**Your objective:**
Once you find the line with "Coral Melange Womens T-Shirt" in the listing below, please repeat it and every later line exactly, through the last one, without pictures.

**Dataset excerpt:**

· · · · · · ·

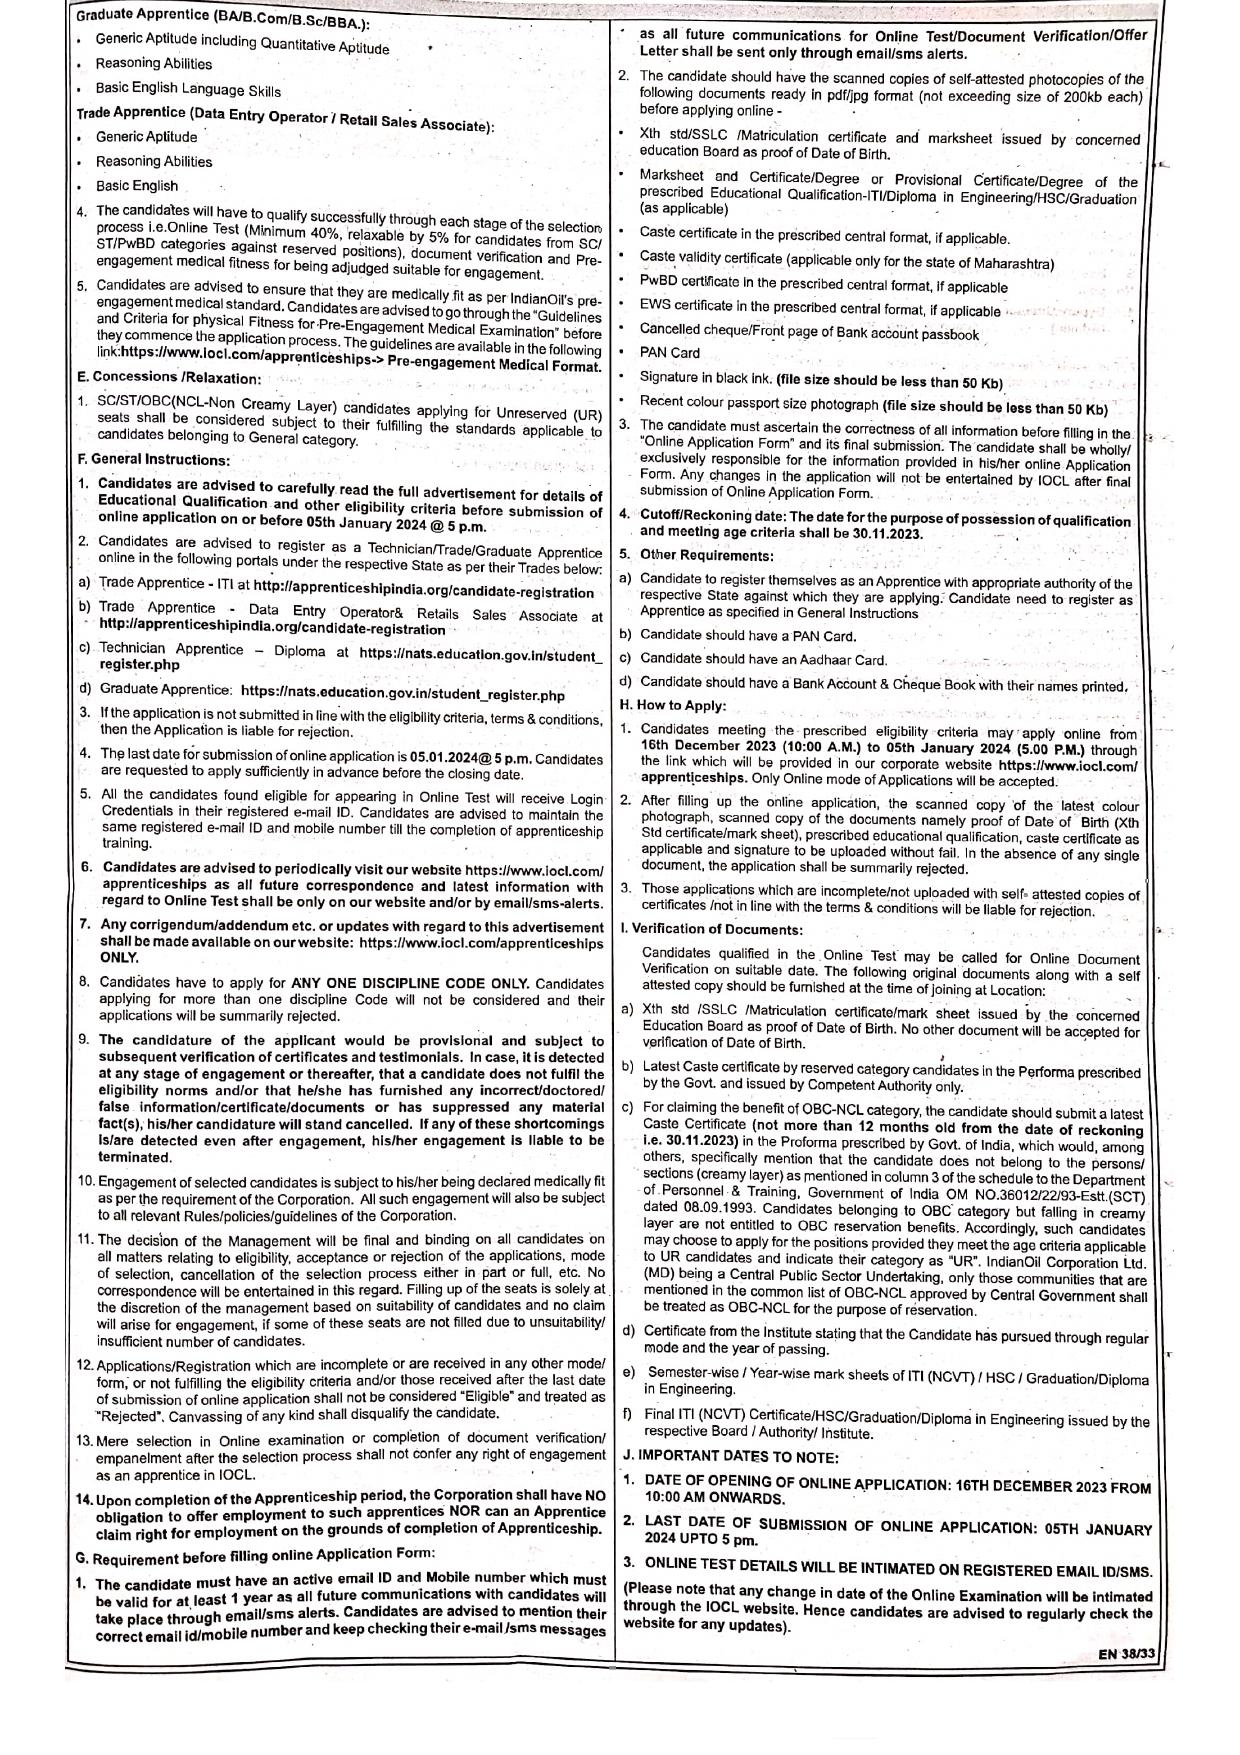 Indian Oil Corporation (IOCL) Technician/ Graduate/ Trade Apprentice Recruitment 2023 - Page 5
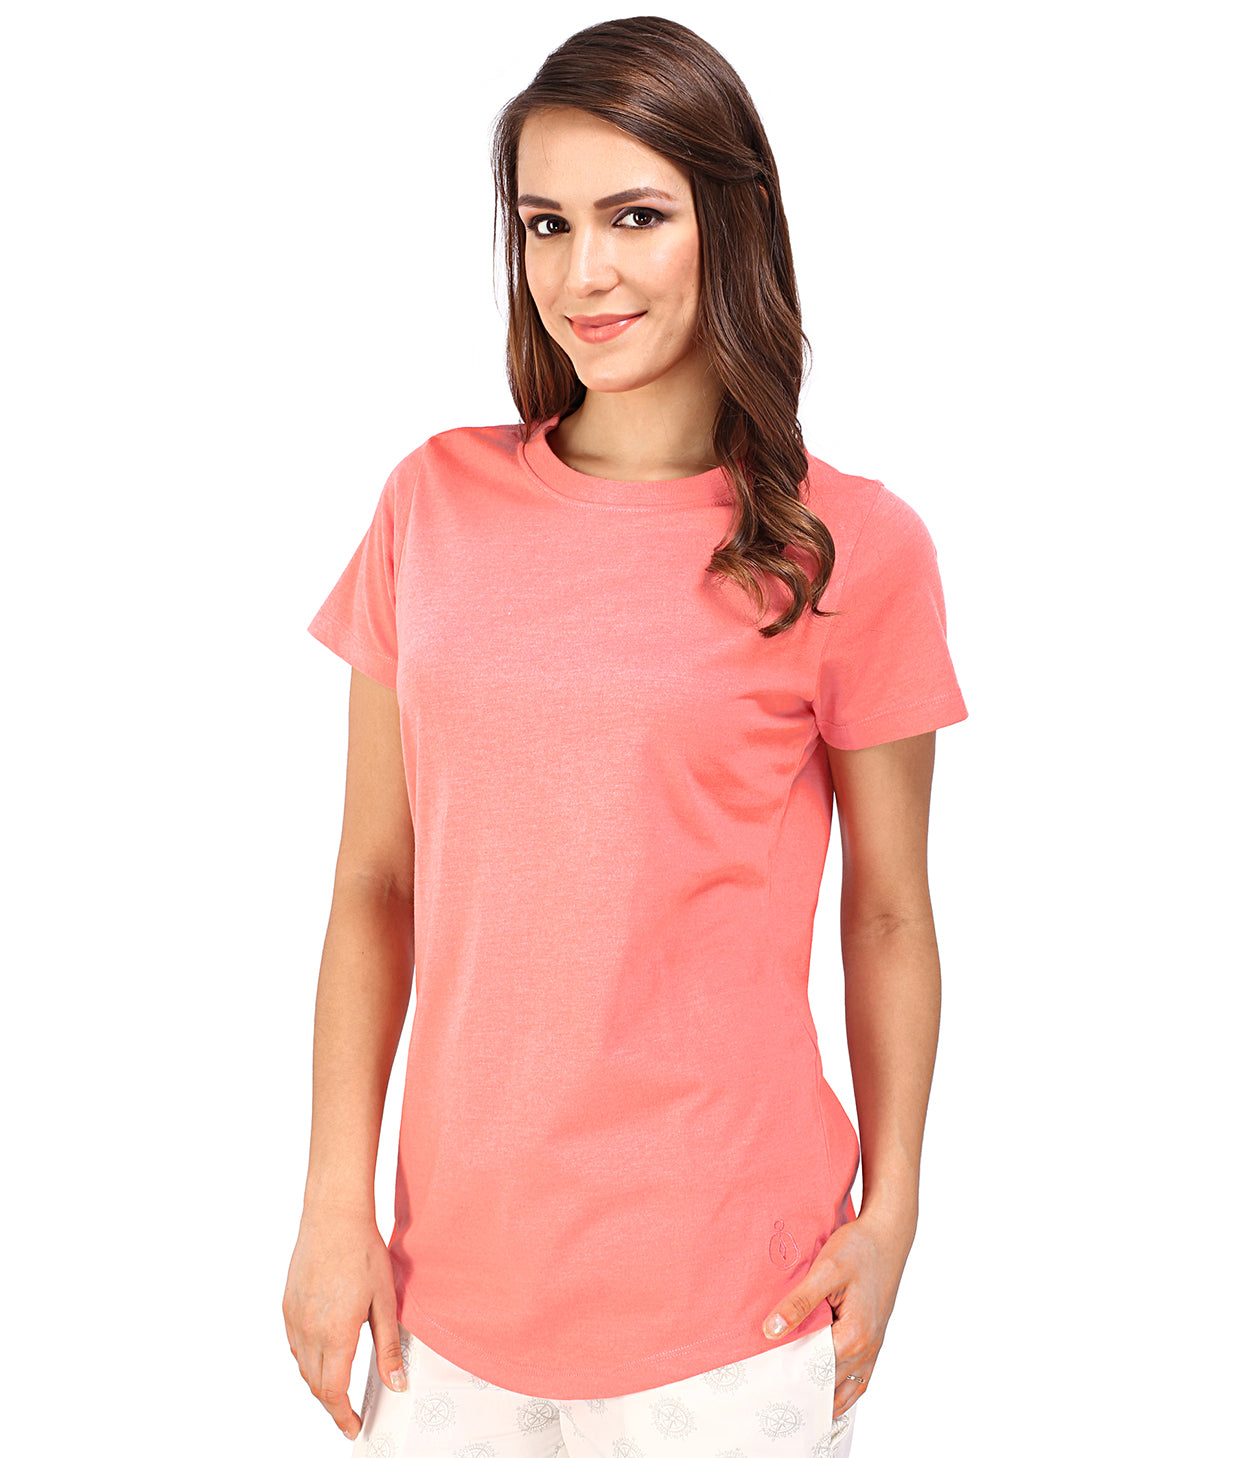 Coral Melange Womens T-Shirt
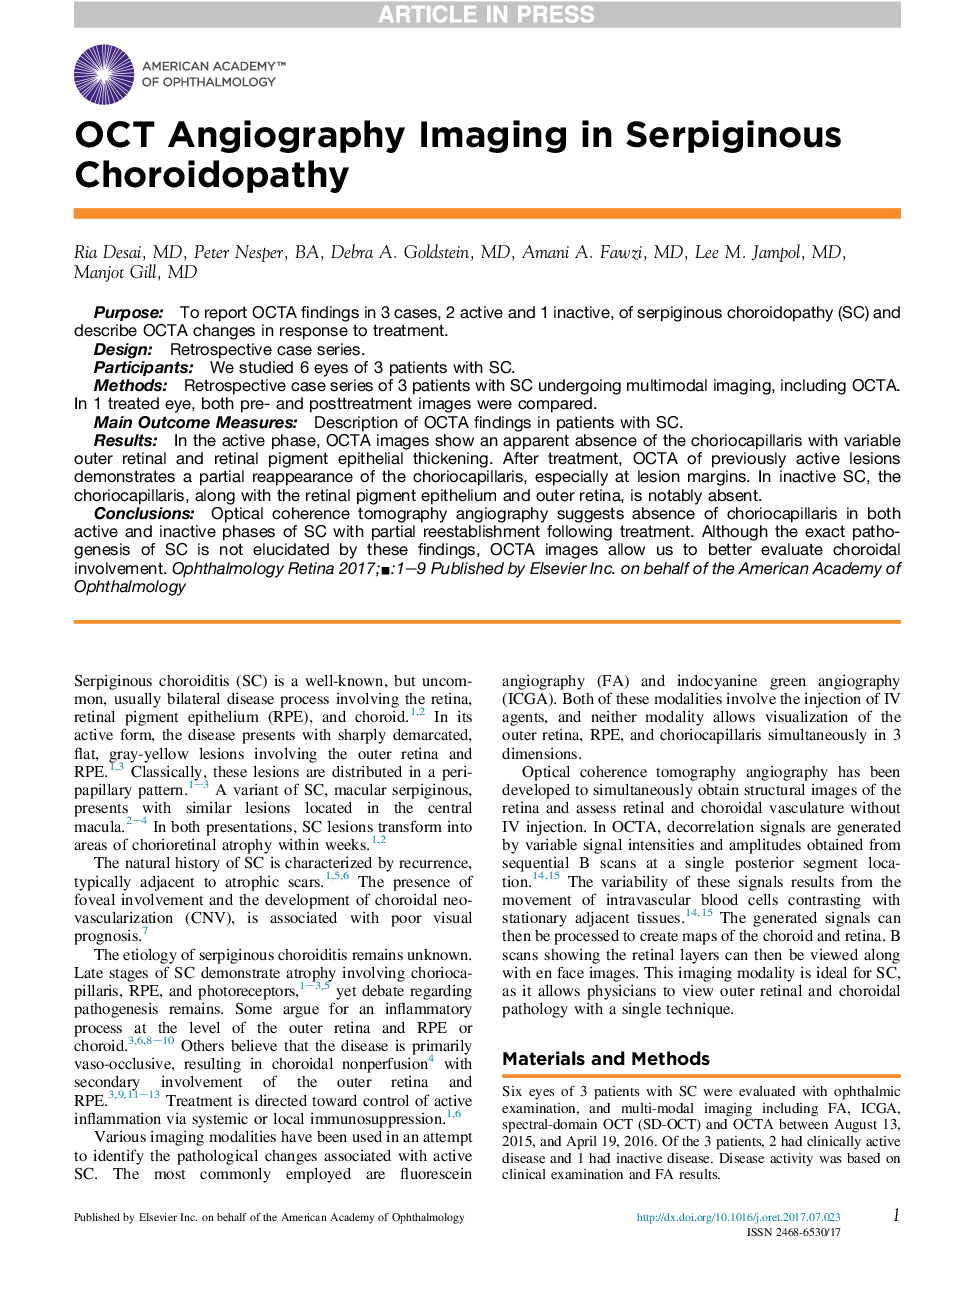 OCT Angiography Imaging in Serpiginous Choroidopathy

· · · · · · ·

**Answer box:**
 Coral Melange Womens T-Shirt
 OCT Angiography Imaging in Serpiginous Choroidopathy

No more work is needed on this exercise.